Carole went down to the Russell Rescue last weekend to pick up Dash, who will be our third JRT. Call it a weakness. We just love the little suckers. Speaking of weakness, I didn't even make a post last week to note the tenth year of this blog, or some version of it. I began in October following my Fulbright year in Vietnam in 2000 - 2001. It certainly has been a busy fall -- I'm serving on a couple of departmental committees as well as trying to organize a student trip to Vietnam for the spring, teaching a new course, and preparing to teach another new course next term in the Honors Program. But I've been busy before without going completely silent in this space. I've been doing mostly drawing and painting in my free time, moving toward some kind of quasi autobiographical approach to those media and that seems to have drained my desire to write about myself here, though of course I ought to still be interested, on e would think, in the ostensible purpose of this blog, which is writing about reading. Perhaps as fall diminishes and winter settles in, I will want to setting in the warm glow of a computer monitor more often. Or not: the wood stove has its attractions, however lacking in intellectual rigor.

Author: jd

Joseph Duemer is Professor of Literature Emeritus at Clarkson University in northern New York state. His most recent book of poems is Magical Thinking from Ohio State University Press. Since the mid-1990s he has spent a good deal of time in Vietnam, mostly Hanoi. He lives with his wife Carole & five terriers (four Jack Russells & one Patterdale) on the stony bank of the Raquette River in South Colton.

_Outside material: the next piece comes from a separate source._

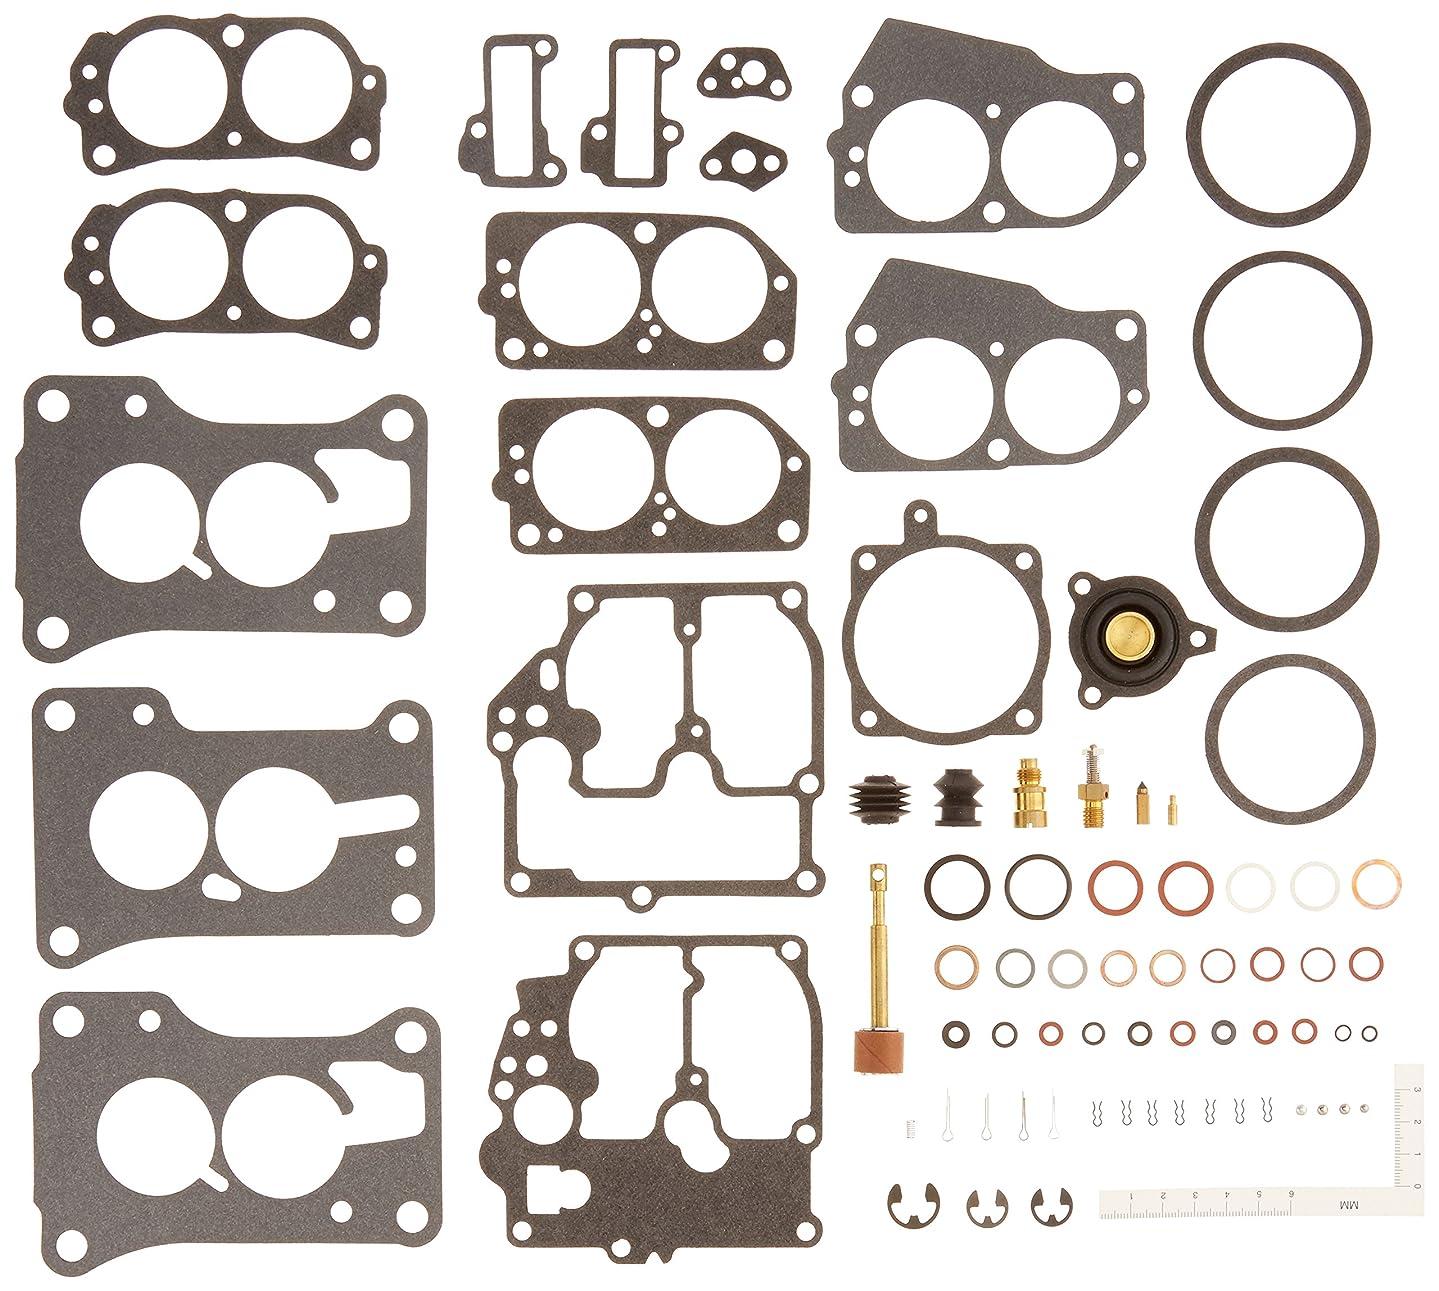 Hygrade Fuel Components 739C Carburetor Kit

4 thoughts on “New Dog, New Blog?”

  1. Do you also publish your own poetry here? That will be one way to keep your blog going. One of my entries today was a very simple poem:

    “Fly to the Moon”

    We are too soft for the stone,
    too invasive, too fragile. When
    I was a little boy I used to
    think he could fly to the moon.

    1. I don’t usually publish my own poems — I tend to save them for “real,” which is to say, print, venues. It’s probably snobbish and old-fashioned, but I’m old enough that just sticking the poems out there on the internet seems like giving them away for free. Now, it’s not like I make much money — at least directly — from my poems, but they are a form of cultural capital that has translated into grants, promotions, etc. so they do have some value in the “real” world. I like your quatrain & was surprised by the very interesting & mysterious use of the pronoun “he” in the last line — I hope it’s not a typo for “we,” because I like bringing it back to “the little boy” the speaker once was.

  2. Yes, that was not a typo. I am impressed that you noticed. And thank you very much for visiting me.
    And I understand now why you don’t share your poetry here, makes sense to me.

    p.s. as a psych grad, my eyes still twitch when I hear about grants and grant writing.